Saint-Omer : le Palais de la Cathédrale est ouvert au public

TOUT A COMMENCE AVEC UNE PEINTURE A L’HUILE

     Jean-Luc Montois, le lillois, et Frédrik Laestadius, suédois d’origine, sont deux amis passionnés d’art et d’histoire. A leur retour de Suède et d’Italie en 2013, ils s’installent à Lille afin d’exercer leur activité professionnelle dans la région : le premier comme enseignant et le second en qualité d’oncologue. Cette étape vise en fait un projet qui leur trotte dans la tête depuis longtemps : présenter leur collection d’art en un lieu atypique. Et pour accomplir ce projet singulier, il leur faut dénicher une maison de style. Ils sont séduits par le caractère patrimonial de la ville de Saint-Omer et tombent sous le charme d’une villa bourgeoise du XIXe siècle sise au 12, rue Henri-Dupuis. Érigée sur les fondations de maisons de chanoines du XIIe siècle, cette bâtisse de 900 m2 se trouve dans l’environnement de l’ancien chapitre de la cathédrale.

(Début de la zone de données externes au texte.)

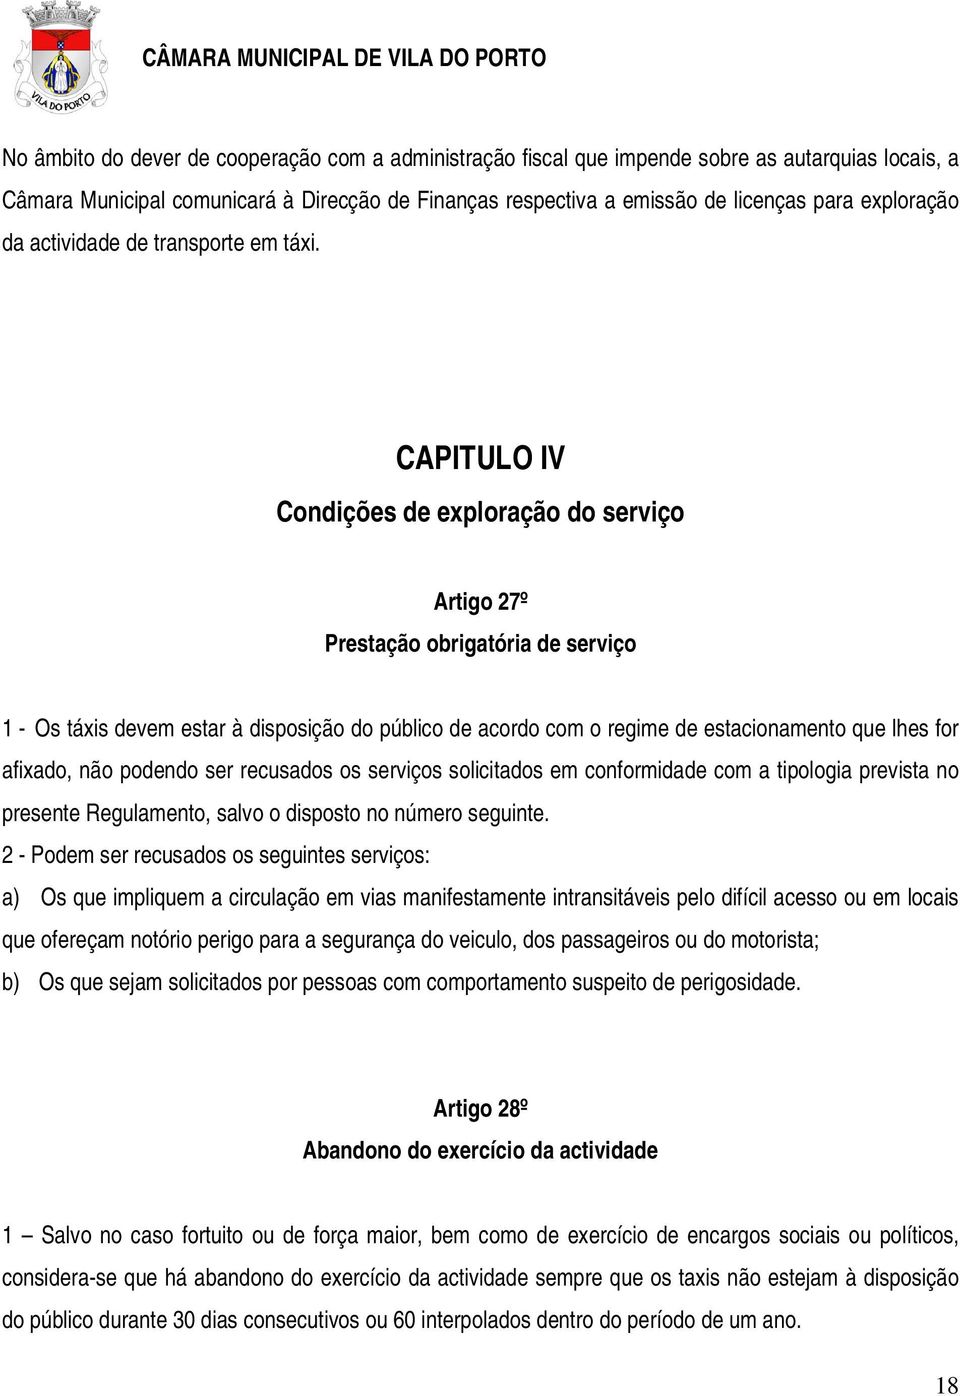 CAPITULO IV Condições de exploração do serviço Artigo 27º Prestação obrigatória de serviço 1 - Os táxis devem estar à disposição do público de acordo com o regime de estacionamento que lhes for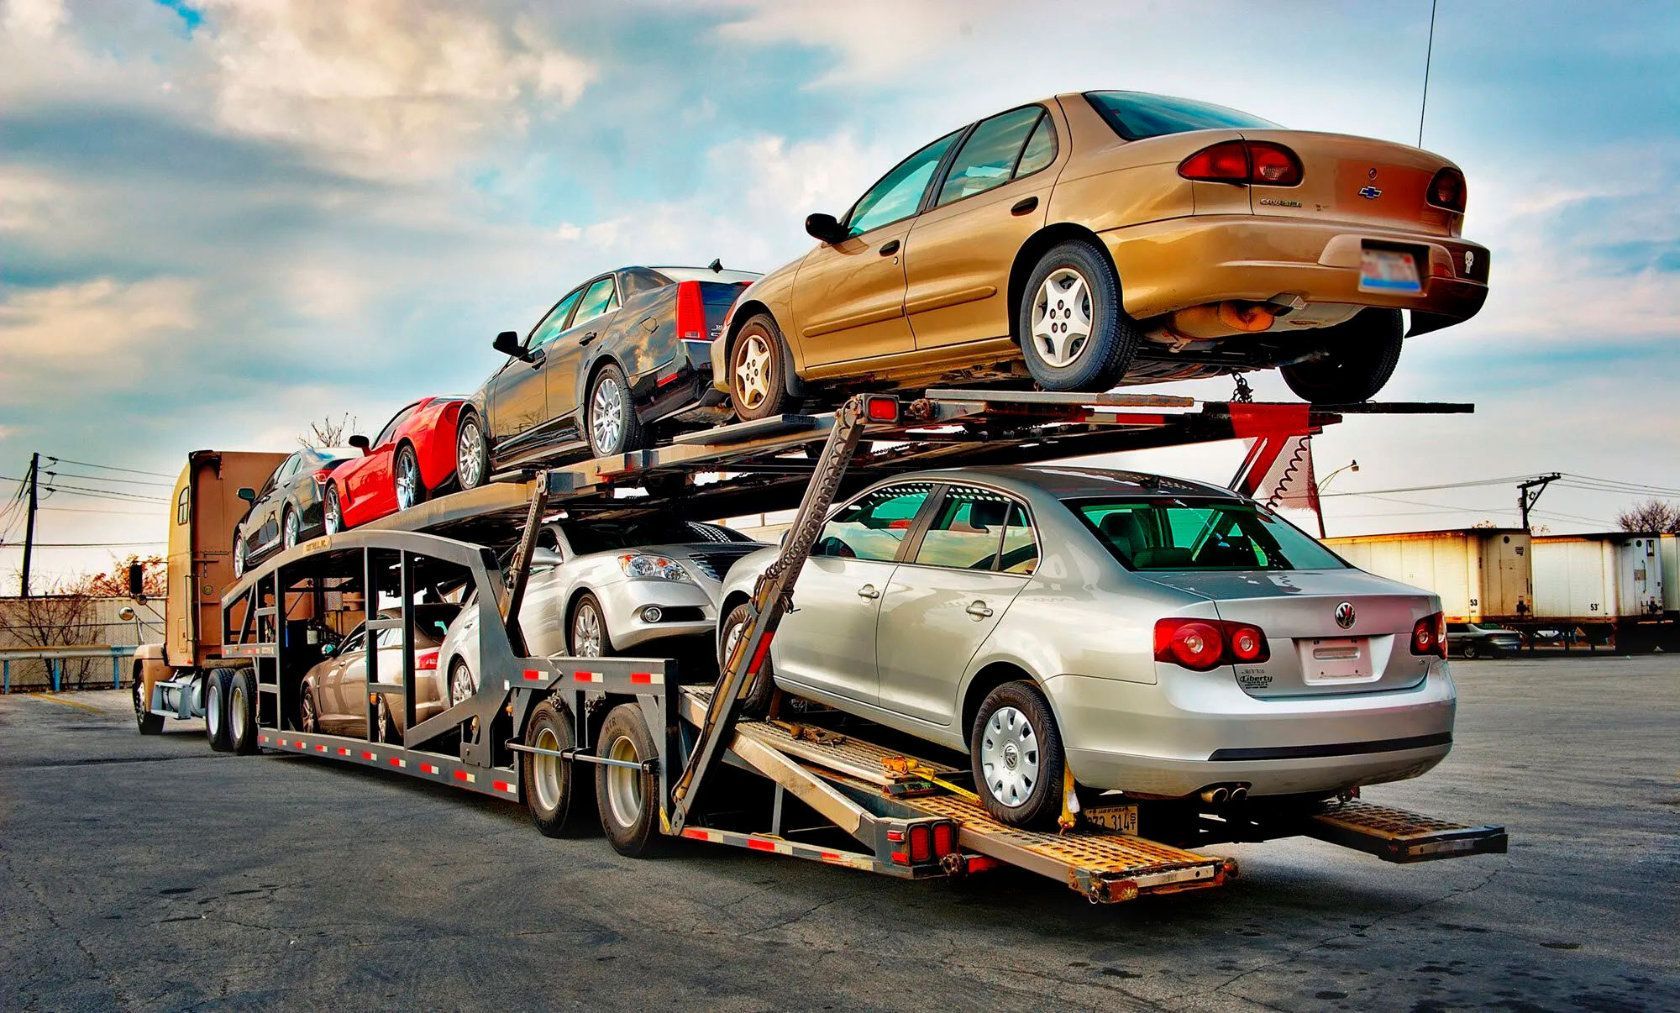 Есть ли гарантия на автомобили, привезенные по параллельному импорту?

     Avec des caves du XIe siècle, sur un lieu où vécurent les religieux et les clercs du chapitre, au cœur même de vestiges datant du XVIe et XVIIe siècles qui protègent des salles de l’époque empire et Restauration, nos deux amis s’installent sur 2000 ans d’histoire.

     Le projet prend forme et il faut maintenant trouver un nom à la masure. « Le Palais de la Cathédrale » s’impose comme une évidence.

Pas dans la précipitation…

Le nouveau Palais doit subir une cure de jouvence avant de recevoir la collection d’art et de s’ouvrir au public. Par chance, l’intérieur de cette maison de maître a été préservé de toute velléité de modernisation. Elle a gardé son caractère d’origine et le travail de ses nouveaux propriétaires va lui permettre de retrouver le lustre d’autrefois.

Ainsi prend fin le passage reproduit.